The UK premiere of the 5 million dollar Bodyline mini-series was originally broadcast on BBC2 Television in 4:3 picture ratio on consecutive evenings at 9.00pm from Monday 3 June – Friday 7 June 1985 and was shown in the significantly longer, original, extended and uncut version. BBC2 divided the series into 5 parts of slightly varying lengths.

The individual original BBC2 episode run-times of the Bodyline mini-series were:
- 3/6/1985: Part 1 – 85 minutes
- 4/6/1985: Part 2 – 89 minutes
- 5/6/1985: Part 3 – 88 minutes
- 6/6/1985: Part 4 – 89 minutes
- 7/6/1985: Part 5 – 85 minutes

Total extended run-time: 436 minutes – 7 hours 16 minutes.

When originally shown on Channel 10 Australia in July 1984 over 4 consecutive nights - including extensive ad-breaks - the run-time was approx. 10 hours. Excluding ad breaks: the actual run-time is 7 hours 16 minutes. IMDb and Amazon give the total run-time of the official extensively cut, re-edited and picture-cropped - from the original 4:3 picture ratio to a 16:9 picture ratio - widescreen presentation DVD version as 330 minutes – 5 hours 30 minutes – 7 episodes of approx. 47 minutes each - a total of 329 minutes.

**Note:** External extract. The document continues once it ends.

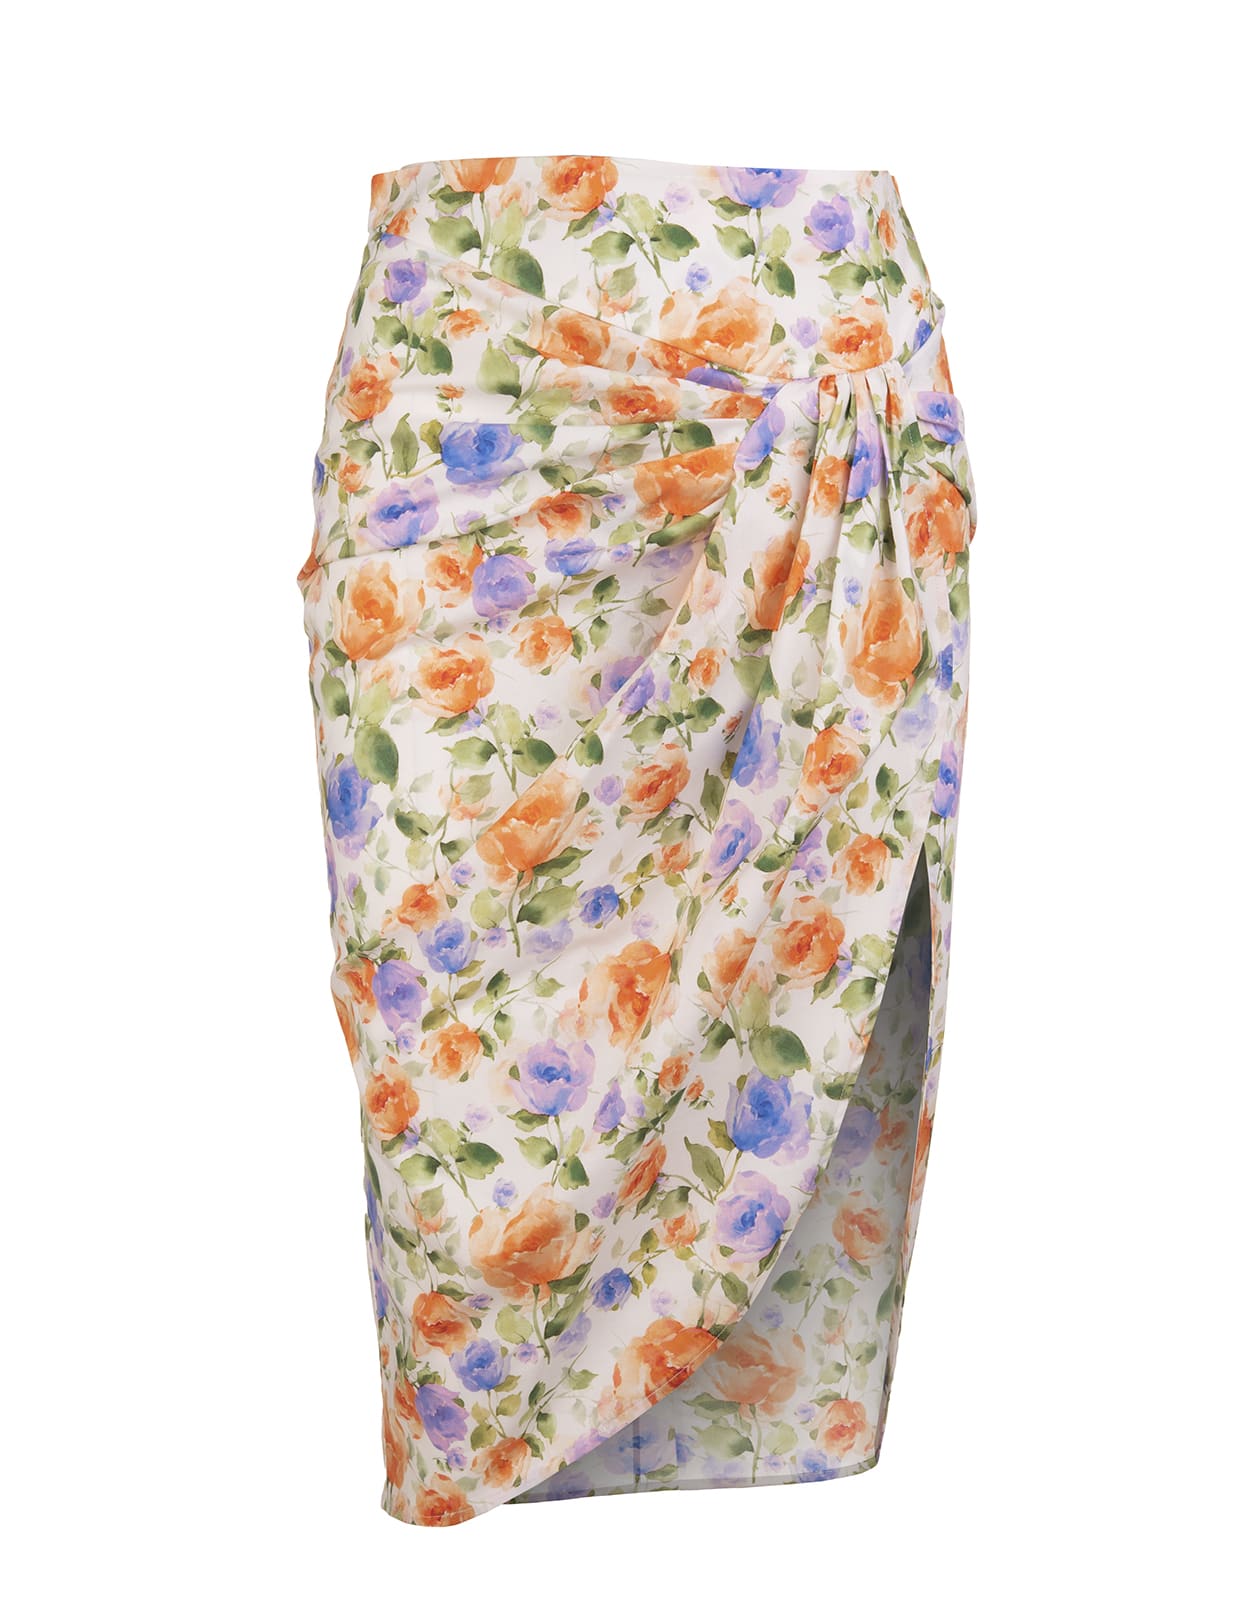 Giuseppe di Morabito Midi Skirt With Draping And All-over Lilac And Orange Floral Print

Therefore, the original version transmitted in its entirety by BBC2 Television in June 1985 is approximately 1 hour 46 minutes longer than the official Australian DVD version of Bodyline. This version was repeated on BBC1 on Friday and Saturday late nights in November 1986, and again on BBC2 on Tuesday lunchtimes over July and August 1991 before transmission rights reverted to Australian TV Network 10 and Kennedy-Miller for DVD production.